This work investigated the combustion characteristics of decanoic acid derived alkyl esters in an ASTM standard Fuel Ignition Tester (FIT), with special emphasis on the influence of carbon number variation for the alkyl moiety within the alkoxy group on the autoignition delay times. The compounds of interest include Me, Et, Pr, and Bu decanoate. Higher carbon numbers lead to an increase in reactivity in terms of the decreased ignition delay times for Me through Pr decanoate. However, there was a small reduction in relative reactivity for Bu decanoate. With increasing air temperature, while the ignition delay times showed a monotonic reduction for all the four fuels, the maximum rate of pressure rise exhibited a non-linear variation. Specifically, the maximum rate of pressure rise was found to increase at of 700-758 K and then decrease within 758-825 K. The post-combustion peak pressures also exhibited a similar trend. This reduction in reactivity with increasing temperature correlates to the neg. temperature coefficient behavior. In addition, all the test fuels show a two-stage ignition response at the lowest oxidizer temperatures investigated. Therefore, the current experiments demonstrate the suitability of the FIT as a research tool that can be used to extract information on fuel reactivity other than the widely studied metric of the derived cetane number

Fuel published new progress about Biodiesel fuel. 110-42-9 belongs to class esters-buliding-blocks, name is Methyl decanoate, and the molecular formula is C11H22O2, COA of Formula: C11H22O2.

Referemce:
Ester – Wikipedia,
Ester – an overview | ScienceDirect Topics

Yang, Liping published the artcileAnalysis of cycle-to-cycle variations in a common-rail compression ignition engine fuelled with diesel and biodiesel fuels, Recommanded Product: Methyl decanoate, the main research area is diesel biodiesel fuel combustion compression ignition engine.
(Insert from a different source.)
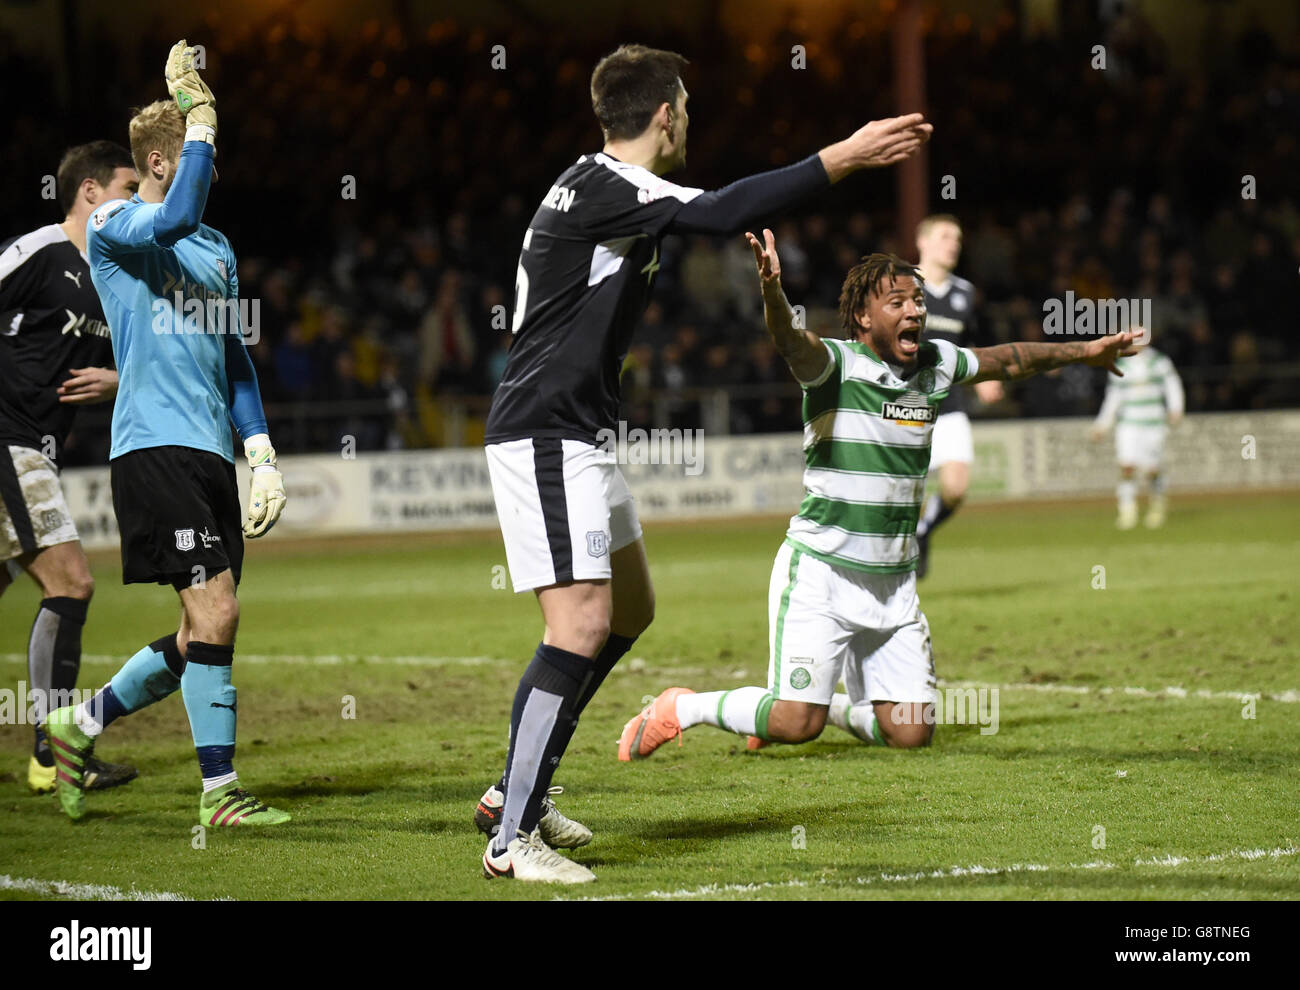 Celtic's Colin Kazim-Richards appeals for a penalty after being brought down by Dundee's Darren O'Dea during the Ladbrokes Scottish Premiership match at Dens Park, Dundee. Stock Photo

Using wavelet and fractal theories, cycle-to-cycle variations (CCVs) in a common-rail compression ignition (CI) engine have been investigated at engine loads of 25% and 50%, biodiesel blend level was from 0% to 100%. Wavelet power spectrums and singularity spectra were calculated to identify the dominant oscillatory combustion modes and multifractal complexity. Reaction paths and component consumption sensitivity of n-heptane and Me decanoate were studied to reveal the effect of biodiesel blend level on the combustion process of diesel fuel. Results reveal that the effect of biodiesel blend level on the CCVs is more significant at a low load, even when biodiesel blend level increases to 20%, the coefficients of variation decreases from 3.99% to 1.57%. The CCVs exhibit multiscale dynamics for all tested cases, and persistent high-frequency oscillations appear around a 16-cycle period persisting over the entire or several hundred of the engine cycles. As the biodiesel blend level increases, the periodic bands with the highest power were interrupted and combined with lower-frequency and high-frequency intermittent fluctuations. However, for the higher load, the dynamics of CCVs are mainly displayed in an intermittent fashion. The larger broadness of singularity spectra at higher engine loads suggests a higher degree of multifractality. For all of the tested cases, the dynamics of the CCVs behave like antipersistent walks. As a oxygenated fuel, biofuel substitution leads to increase of c7h15-1 concentration and radicals such as OH, O and H2O2, which are beneficial to decrease ignition delay and accelerate the chem. reaction rate of diesel fuel, and therefore inhibit the CCVs.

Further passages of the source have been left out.